# TASK TO COMPLETE:
Could you output the whole listing exactly as it stands, minus any images?
---- COLLECTED MATERIAL
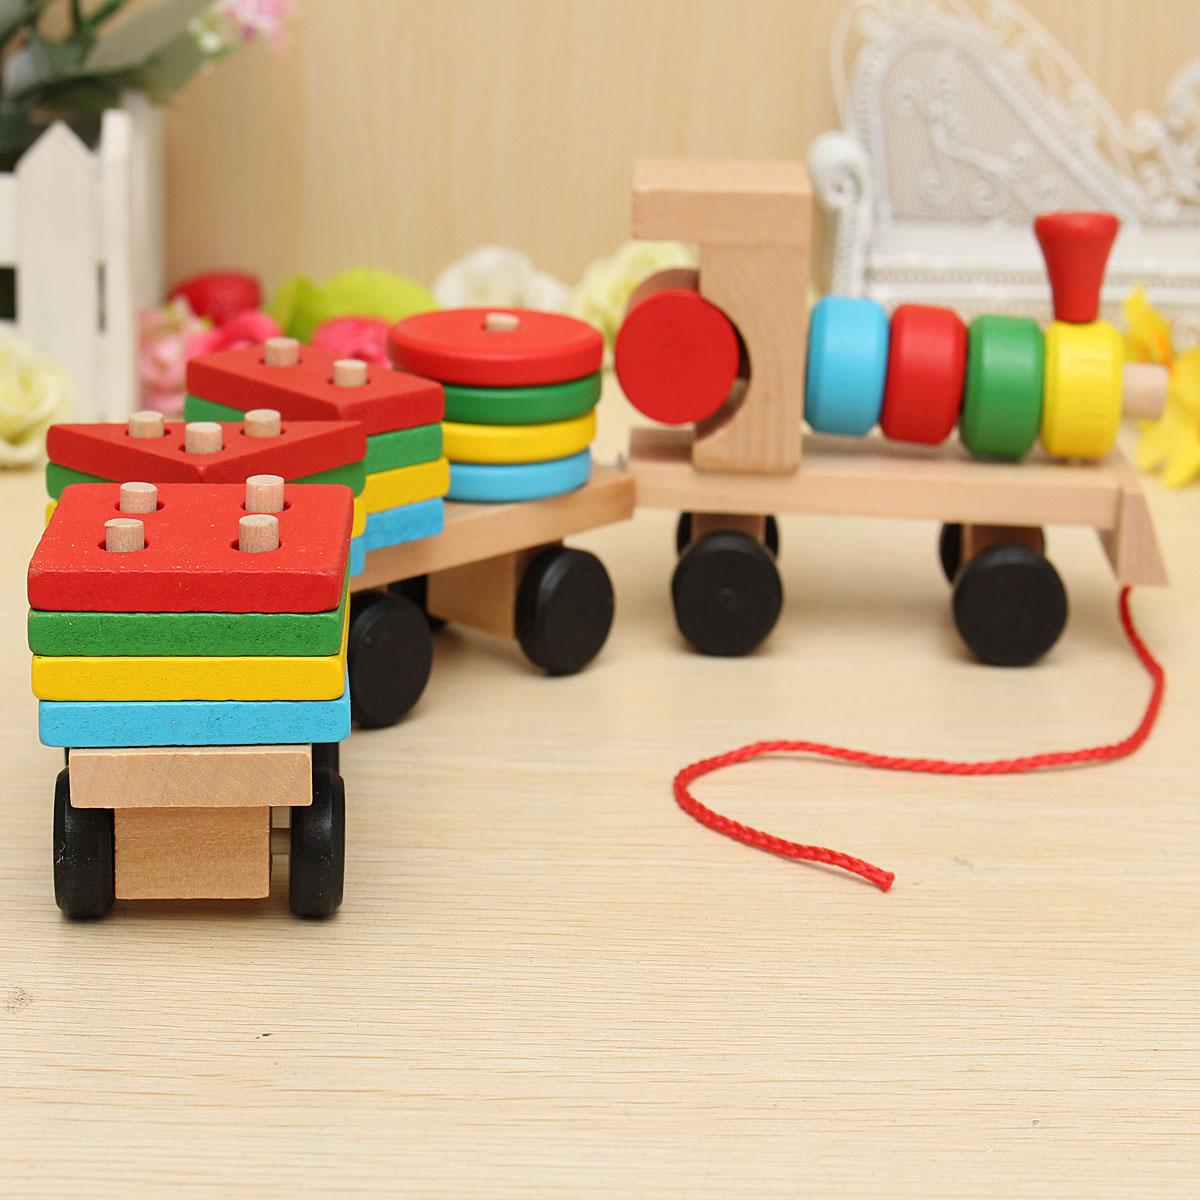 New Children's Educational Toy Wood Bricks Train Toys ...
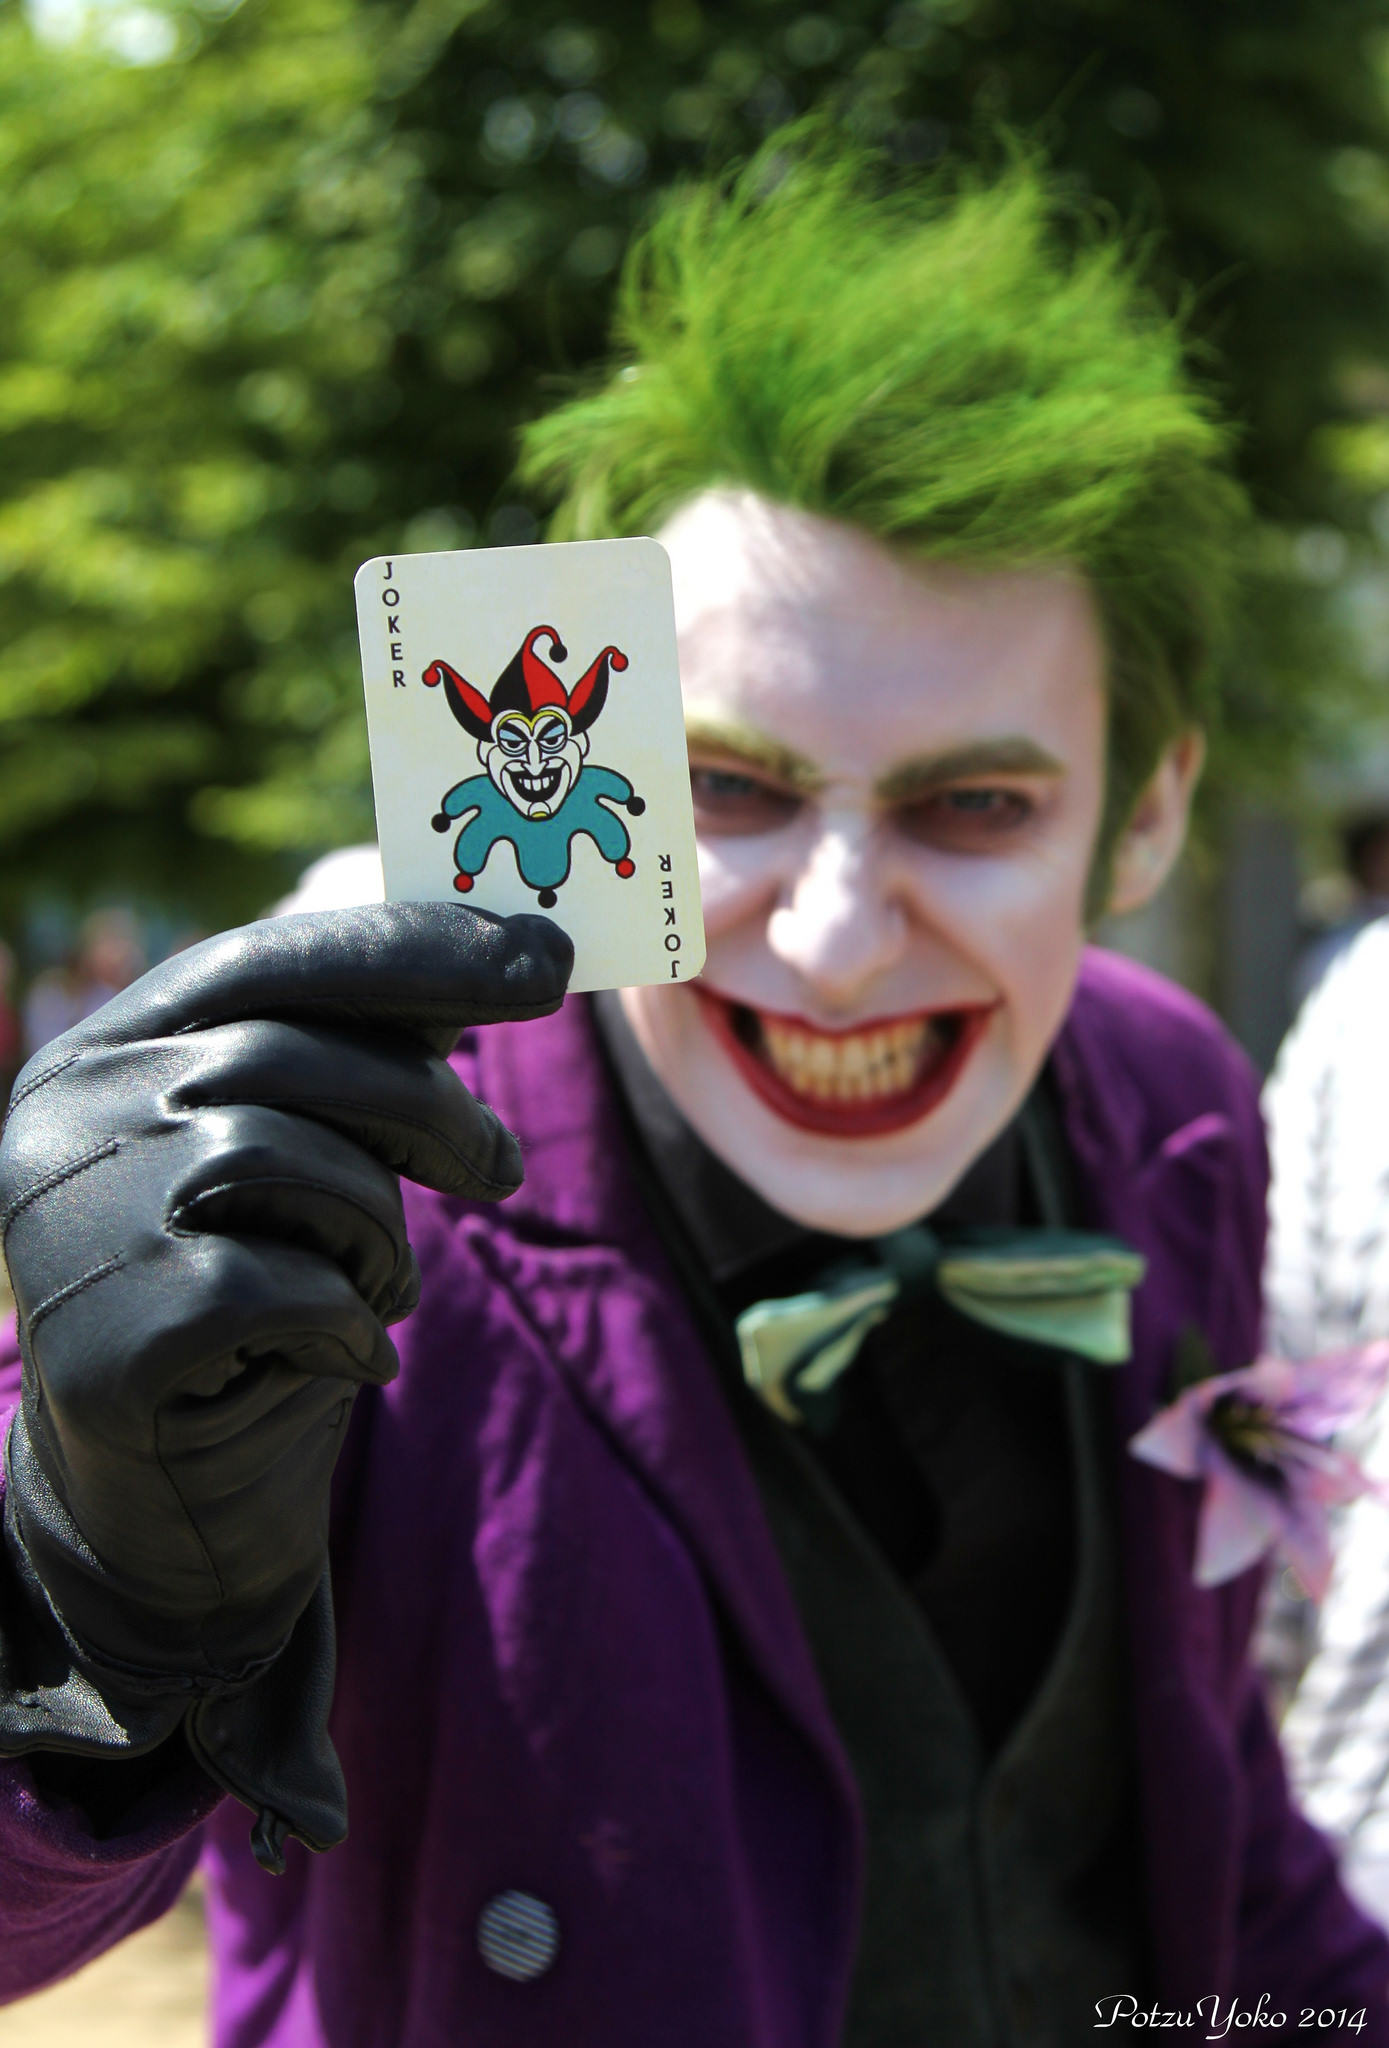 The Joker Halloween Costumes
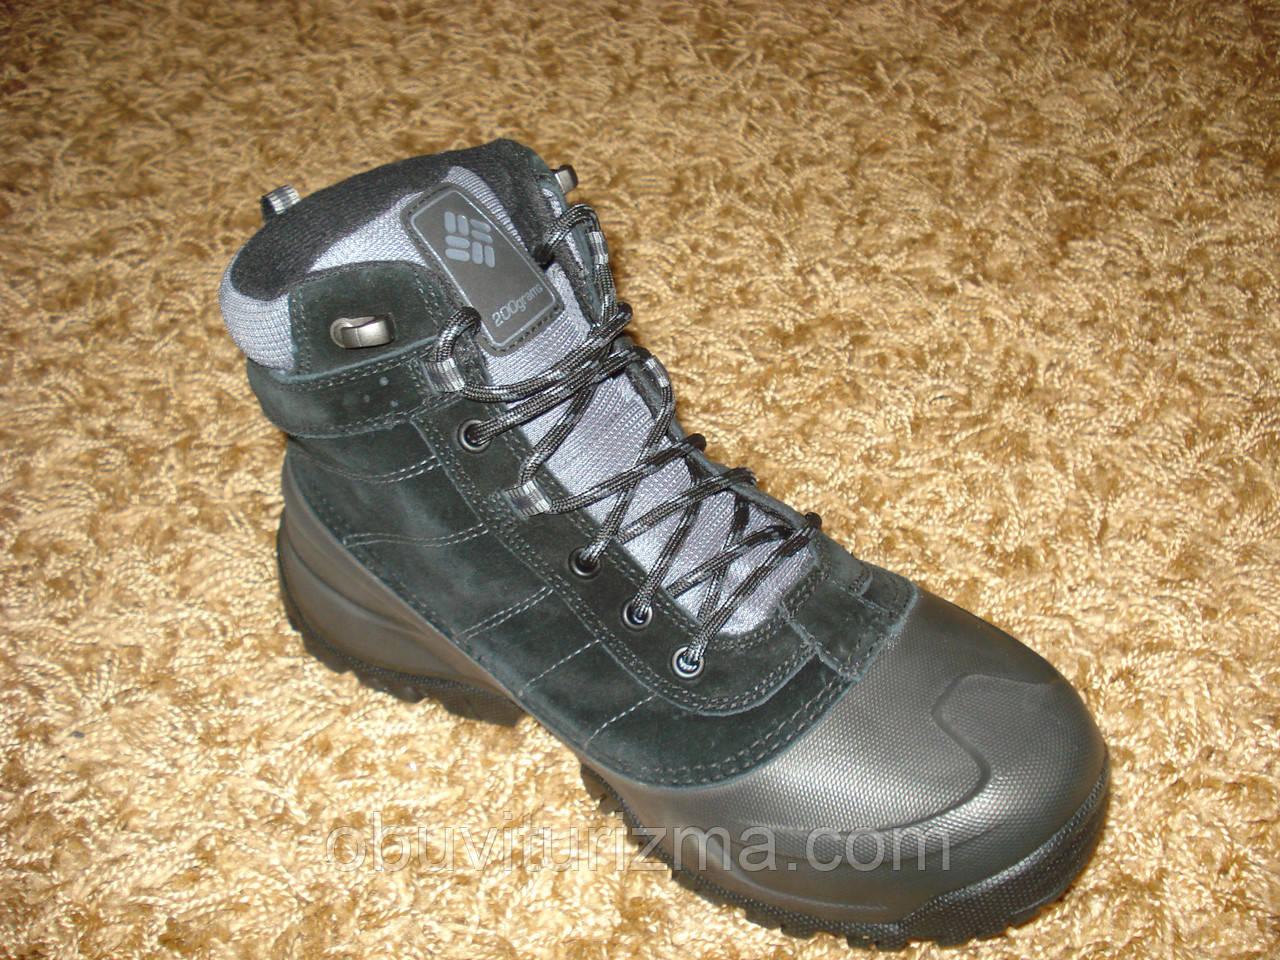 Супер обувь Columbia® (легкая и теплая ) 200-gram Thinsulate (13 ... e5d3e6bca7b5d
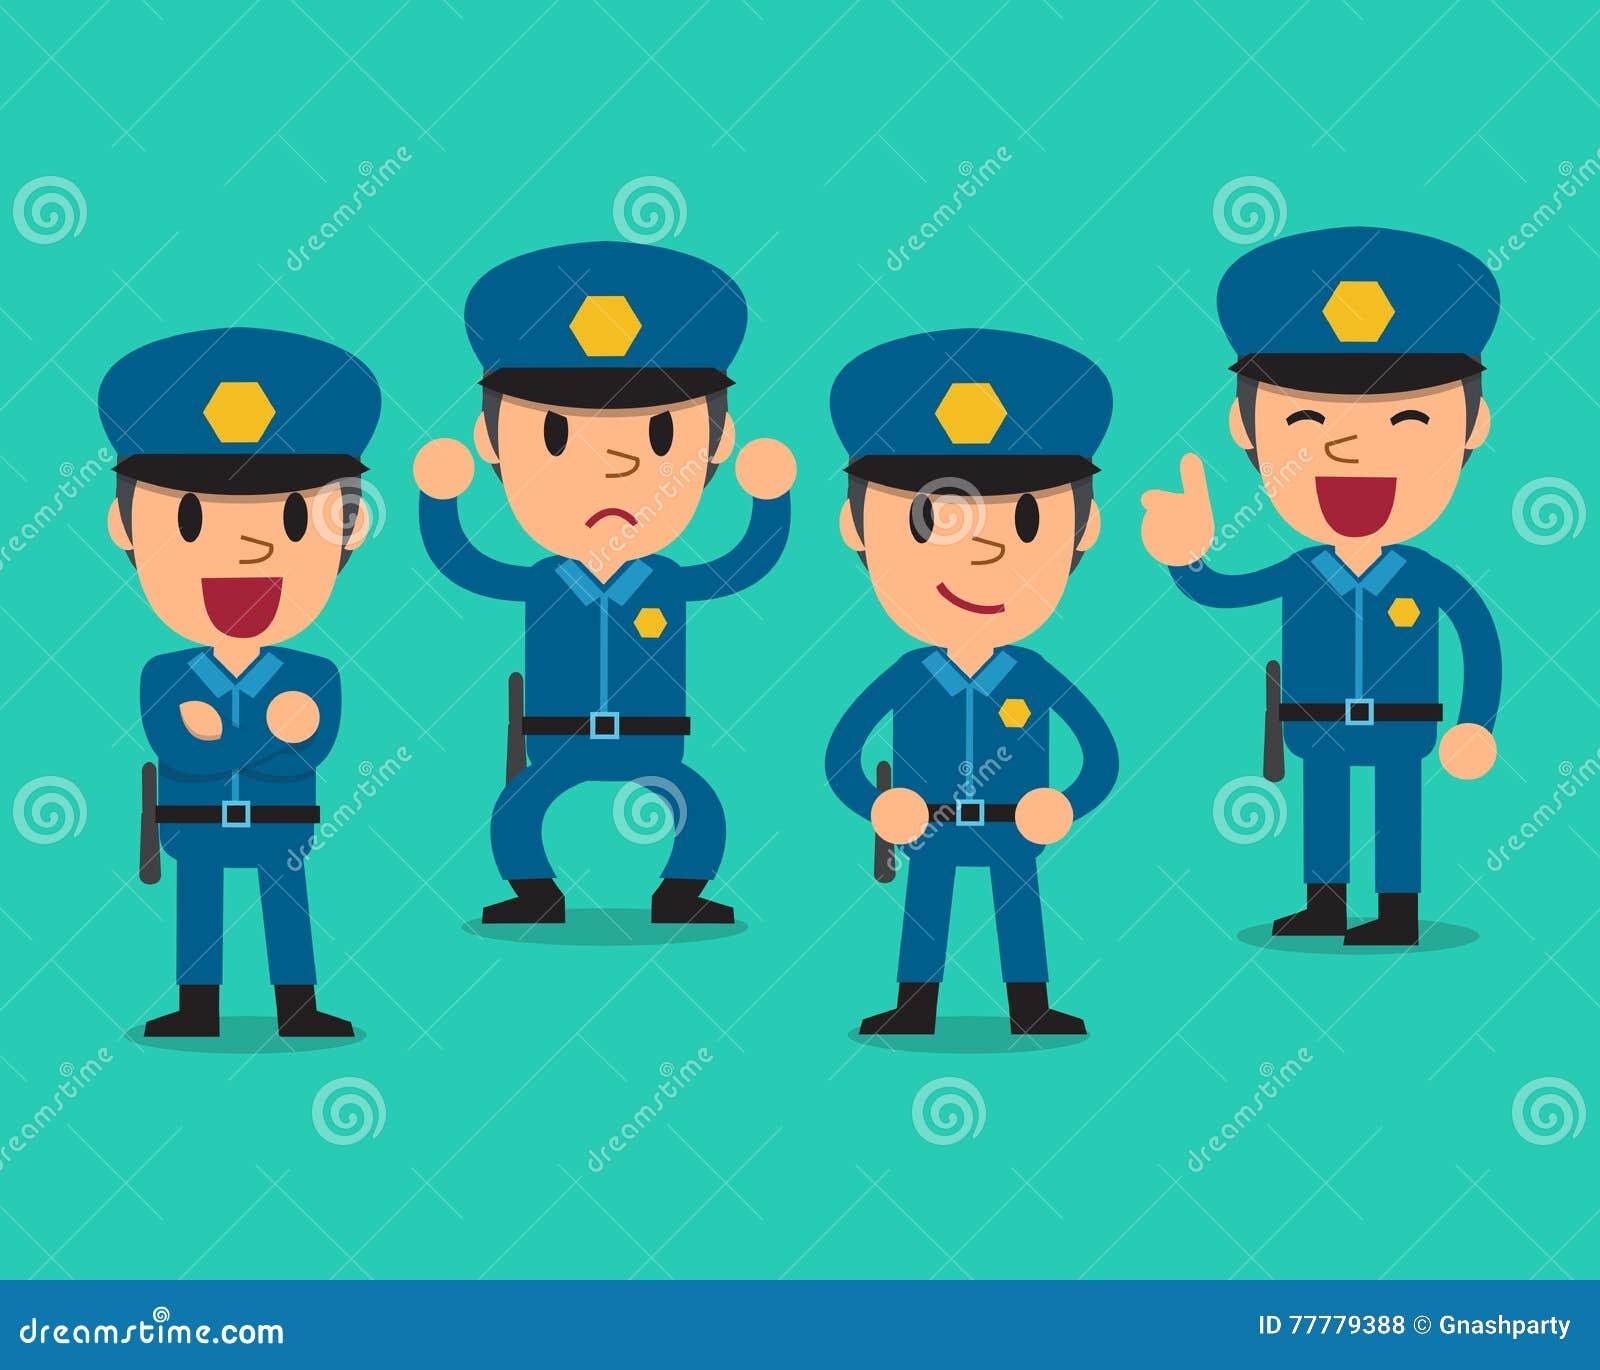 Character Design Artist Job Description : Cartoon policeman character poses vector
--------
# SOLUTION FOR THIS PROBLEM:
 New Children's Educational Toy Wood Bricks Train Toys ...
 The Joker Halloween Costumes
 Супер обувь Columbia® (легкая и теплая ) 200-gram Thinsulate (13 ... e5d3e6bca7b5d
 Character Design Artist Job Description : Cartoon policeman character poses vector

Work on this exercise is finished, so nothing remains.